Глава семнадцатая МАЙОШКА

Глава семнадцатая

МАЙОШКА

В гусарском полку

24 февраля 1836 года Лермонтов приехал в Москву; на следующий день побывал на вечере в Российском благородном собрании, а через две недели вернулся в Петербург, в Царское Село и был уже, как значилось в военных документах, «налицо в полку».

В конце марта — первой половине апреля он писал в Тарханы:

«Милая бабушка.

Так как время вашего приезда подходит, то я уже ищу квартиру, и карету видел, да высока; Прасковья Николаевна Ахвердова в мае сдаёт свой дом, кажется, что будет для нас годиться, только всё далеко. Лошади мои вышли, башкирки так сносны, что чудо, до Петербурга скачу — а приеду, они и не вспотели; а большими парой, особенно одной, все любуются, — так они выправились, что ожидать нельзя было.

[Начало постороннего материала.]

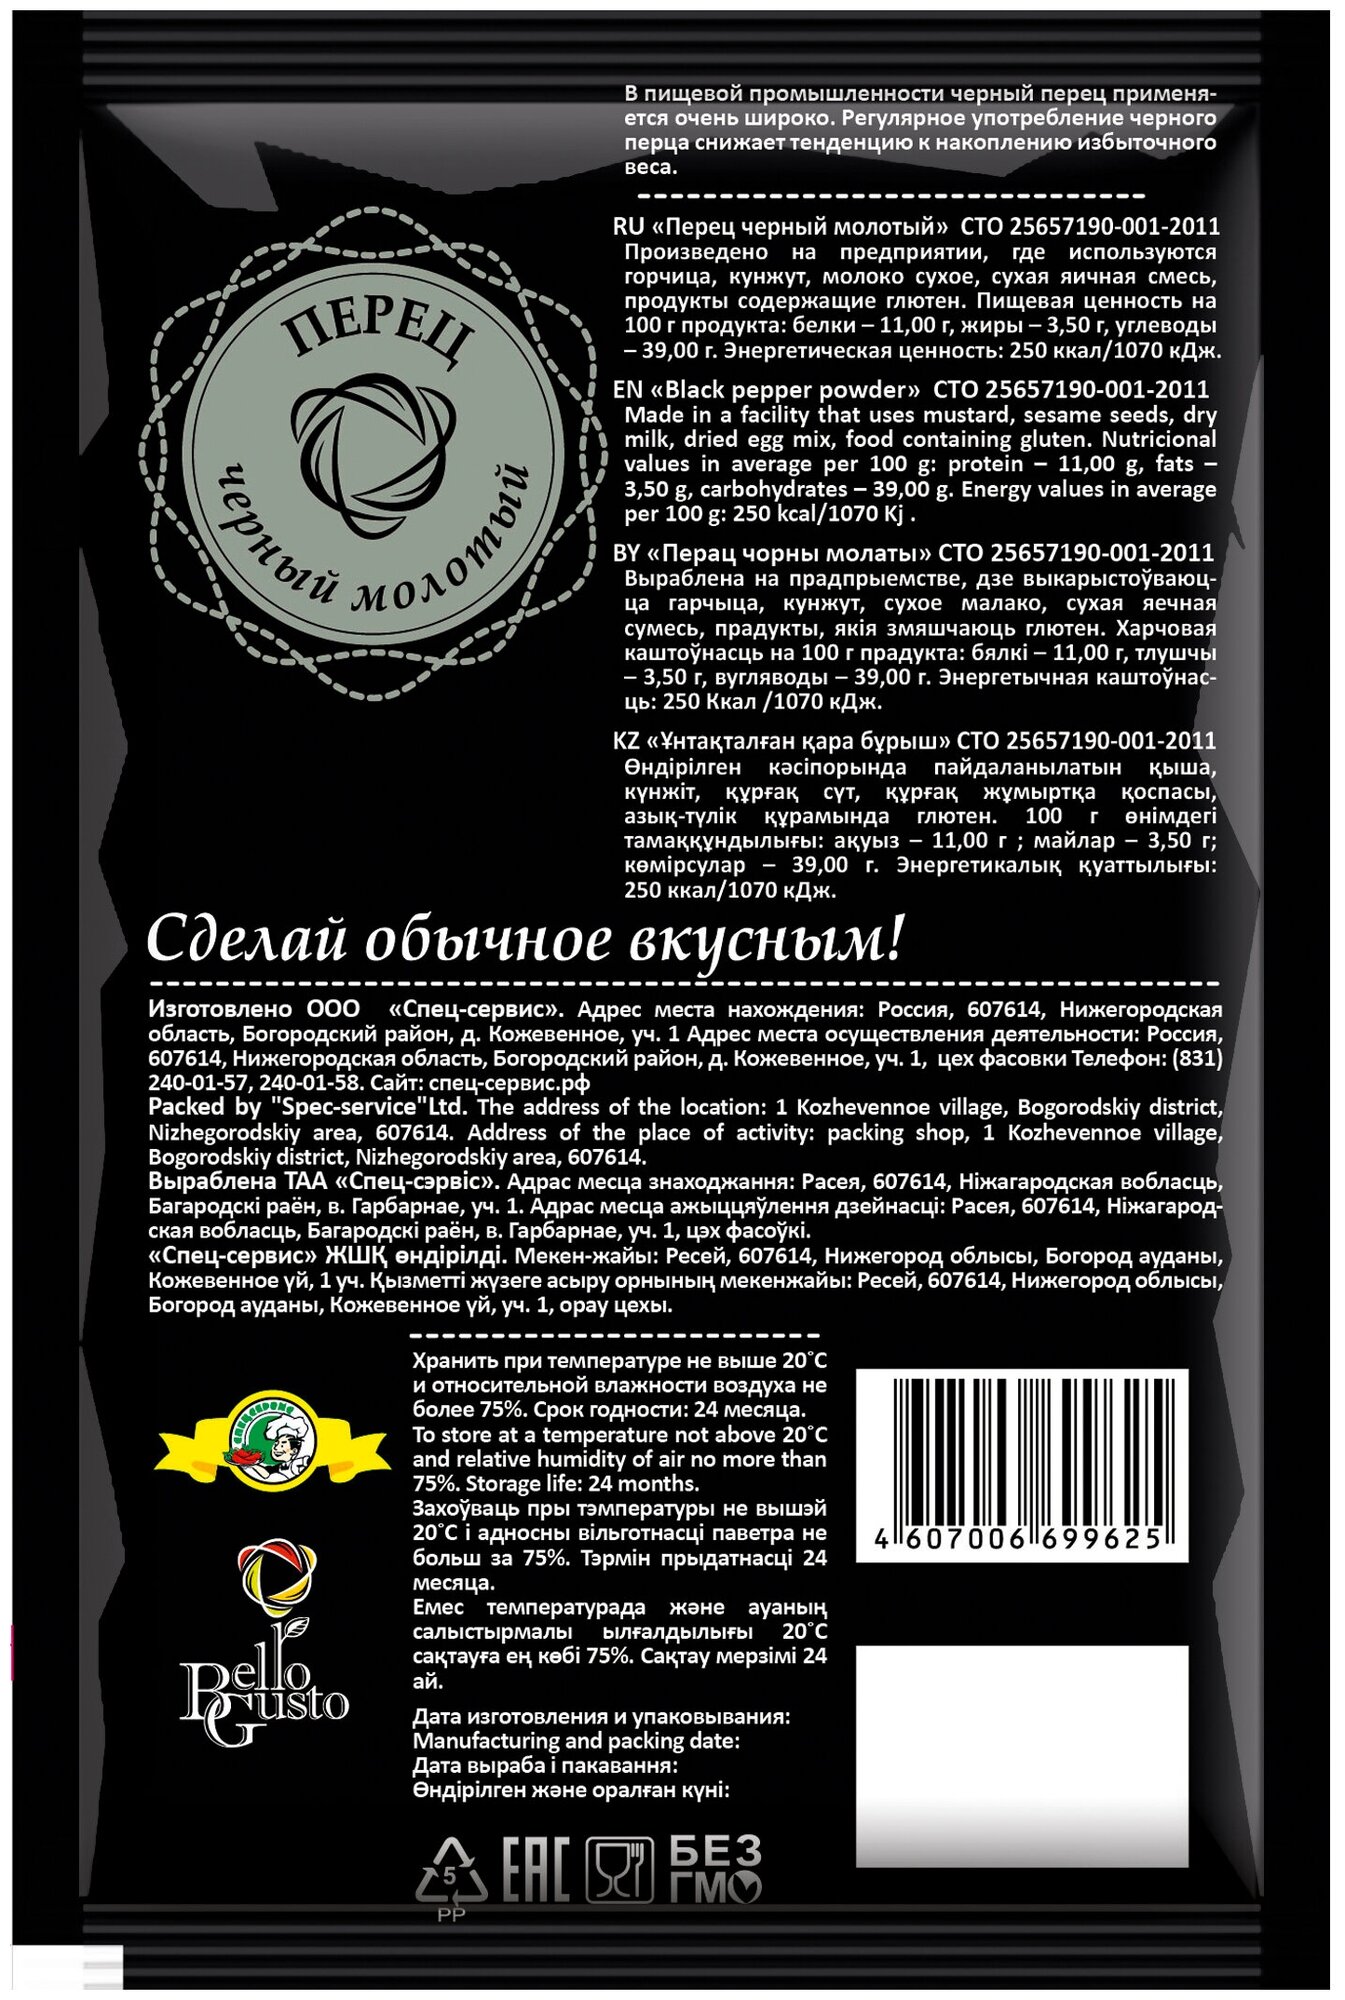 Перец чёрный молотый Bello Gusto 15 гр- 3 пакетика

Лошадь у генерала я ещё не купил, а уже говорил ему об этом, и он согласен. <…> Скоро государь, говорят, переезжает в Царское Село — и нам начнётся большая служба, и теперь я больше живу в Царском, в Петербурге нечего делать, — там уж полторы недели не был; всё по службе идёт хорошо — и я начинаю приучаться к царскосельской жизни.

Прощайте, милая бабушка, будьте здоровы и покойны на мой счёт, а я, будьте уверены, всё сделаю, чтоб продолжать это спокойствие. Целую ваши ручки и прошу вашего благословения.

Покорный внук

М. Лермонтов».

А в конце апреля — начале мая, когда Арсеньева, возможно, уже катила к Москве, Лермонтов сообщает ей, что квартиру нанял на Садовой улице в доме князя Шаховского, «за 2000 рублей, — все говорят, что недорого, смотря по числу комнат. Карета также ждёт вас… а мы теперь все живём в Царском; государь и великий князь здесь; каждый день ученье, иногда два».

Учения, смотры, парадировки… муштра была по сердцу Николаю I, особенно ежели образцовая. Высочайшими приказами о поощрении пестрят полковые документы весны и лета 1836 года. «…Государь император, за произведённое по тревоге сего числа ученье… изъявляет совершенную благодарность… и монаршее благословение…» Всё это в адрес командиров, ну а где-то в конце упоминаются и господа штаб- и обер-офицеры, — к последним принадлежал и корнет Лермонтов.

Как-то летом восемнадцатилетний художник Моисей Меликов, гуляя с карандашом в руке по роскошному Царскосельскому саду, увидел Лермонтова, с которым они были хорошо знакомы в недалёком московском прошлом:

«Живо помню, как, отдохнув в одной из беседок сада и отыскивая новую точку для наброска, я вышел из беседки и встретился лицом к лицу с Лермонтовым после десятилетней разлуки. Он был одет в гусарскую форму. В наружности его я нашёл значительную перемену. Я видел уже перед собой не ребёнка и юношу, а мужчину во цвете лет, и с пламенными, но грустными по выражению глазами, смотрящими на меня приветливо, с душевной теплотой. Казалось мне в тот миг, что ирония, скользившая в прежнее время на губах поэта, исчезла. Михаил Юрьевич сейчас же узнал меня, обменялся со мною несколькими вопросами, бегло рассмотрел мои рисунки, с особенной торопливостью пожал мне руку и сказал последнее прости… Заметно было, что он спешил куда-то, как спешил всегда, во всю свою короткую жизнь. Более мы с ним не виделись».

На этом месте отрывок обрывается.